Chance

6.2K 474 22
                                    


Guys, sorry bgt yah. Ini bukan sengaja lama2 update, lho. Tp mmg kehidupan nyata sedang kacau dan mood ancur parah. Jadi inspirasi makin susah nyambung sama settingnya.

Hope u enjoy this part yah, kalau berkenan komen juga boleh bangeet.

"Dok! pasien berdarah!"

Teriakan seorang suster itu baru menyadarkan Bela. Dia lantas segera menarik tangan Dave yang terangkat mau memukuli Bara untuk kesekian kalinya.

"Berhenti—Dave.." ucapnya ragu-ragu.

Sejujurnya dia masih tidak yakin pria yang ada didepannya itu adalah pria yang mengatakan ingin pergi untuk selamanya.

"Apa sikapmu memang seperti ini?!" tanya Dave nyaris membentak. Wanita itu mengerutkan alis tidak paham.

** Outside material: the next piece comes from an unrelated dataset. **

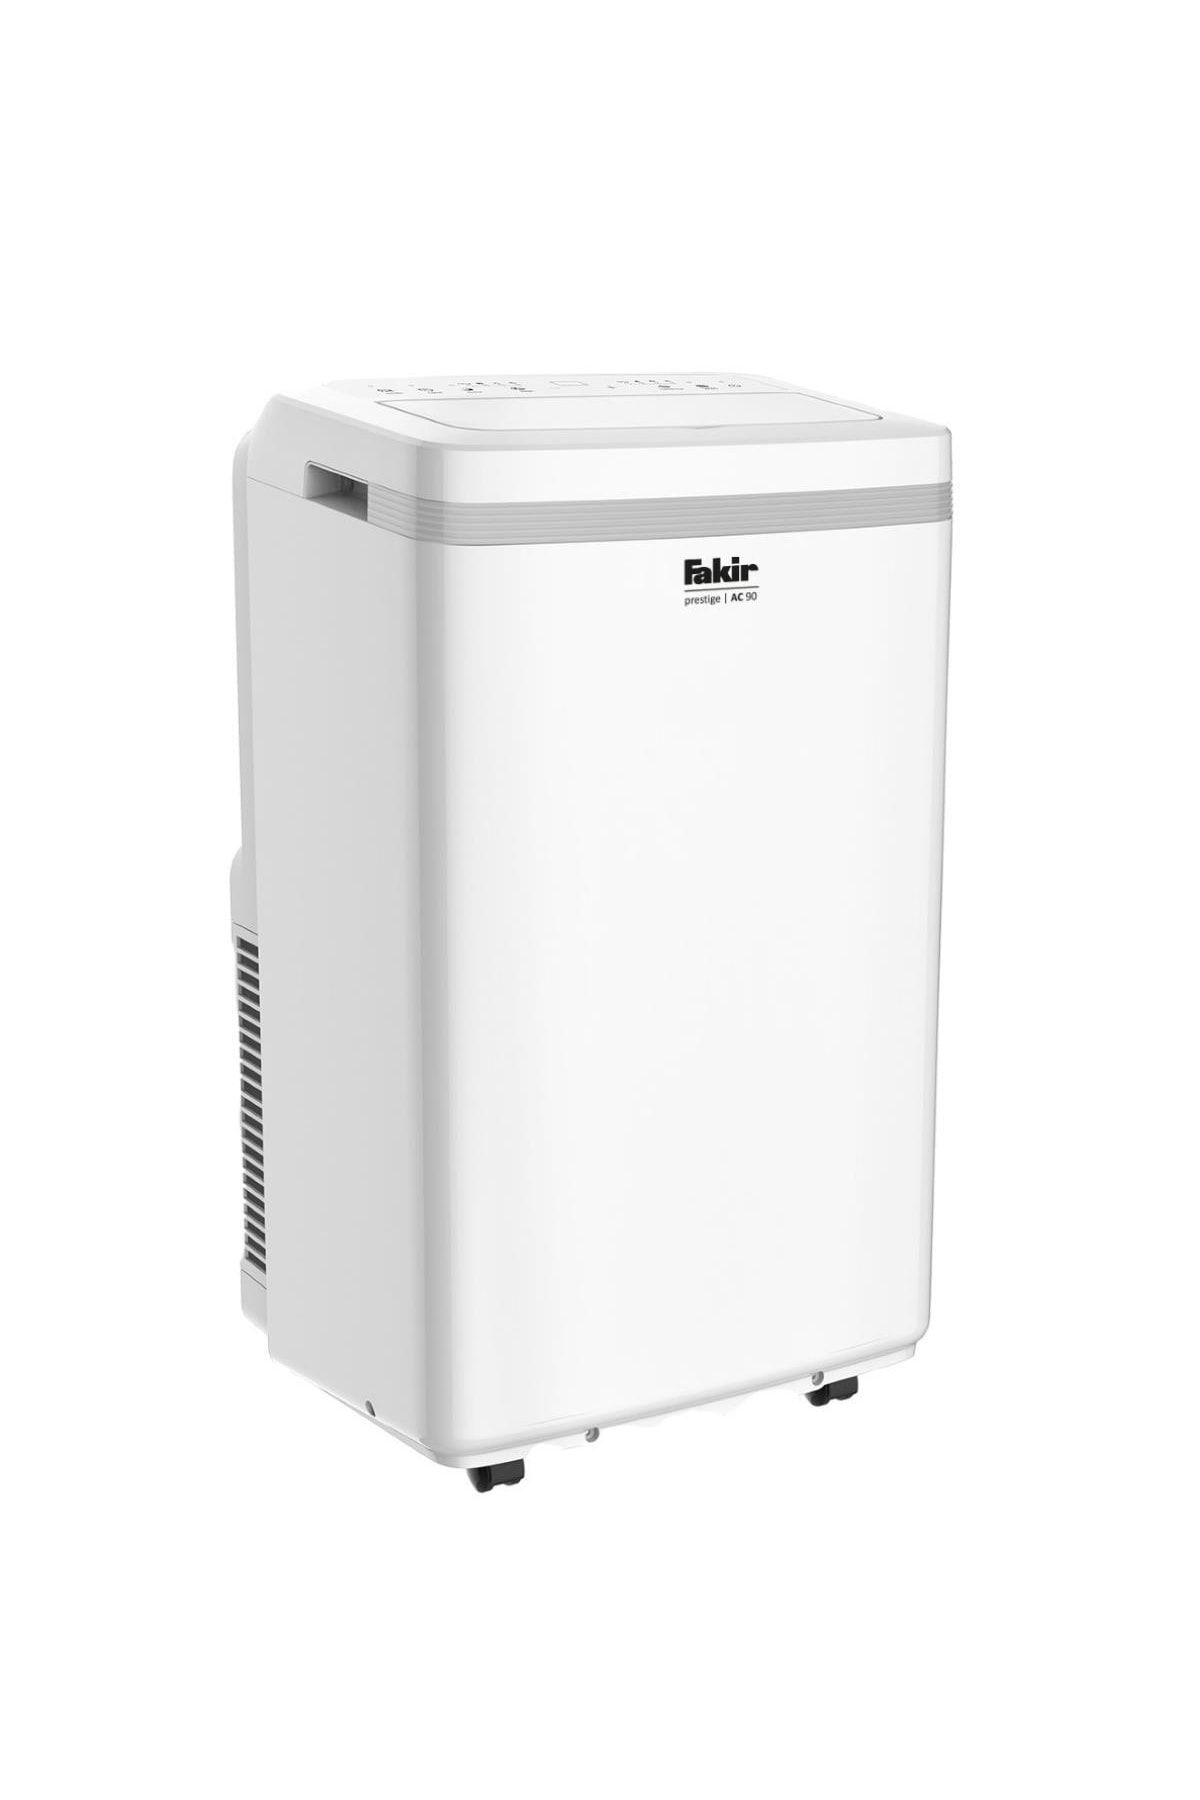 Fakir Prestige Ac 90 Air Conditioner

Dave menghempaskan tangannya. "Apa semua dokter begitu Bela, sembarangan memeluk pasiennya?!" Bela mengerjap beberapa kali. Baru ngeh Dave berbicara tentang Bara yang memeluknya.

"Bukan begitu—"

"Mck! Aku berusaha keras menahan kantuk untuk mengejar penerbangan terakhir, tapi kamu—Aargh!!" Dave mengusap kasar rambutnya yang basah sebelum berbalik dan berjalan ke luar gedung RS. Bela masih terdiam tidak tahu harus apa.

"Kamu mau membiarkan dia pergi begitu saja, Bela?" Suara Bara menyadarkannya. Bela lantas menoleh nyaris melototi pria itu. Gara-gara pria itu Dave jadi salah paham.

"Come on, don't be stupid." Ucap Bara lagi sebelum menyeka sudut bibirnya yang berdarah.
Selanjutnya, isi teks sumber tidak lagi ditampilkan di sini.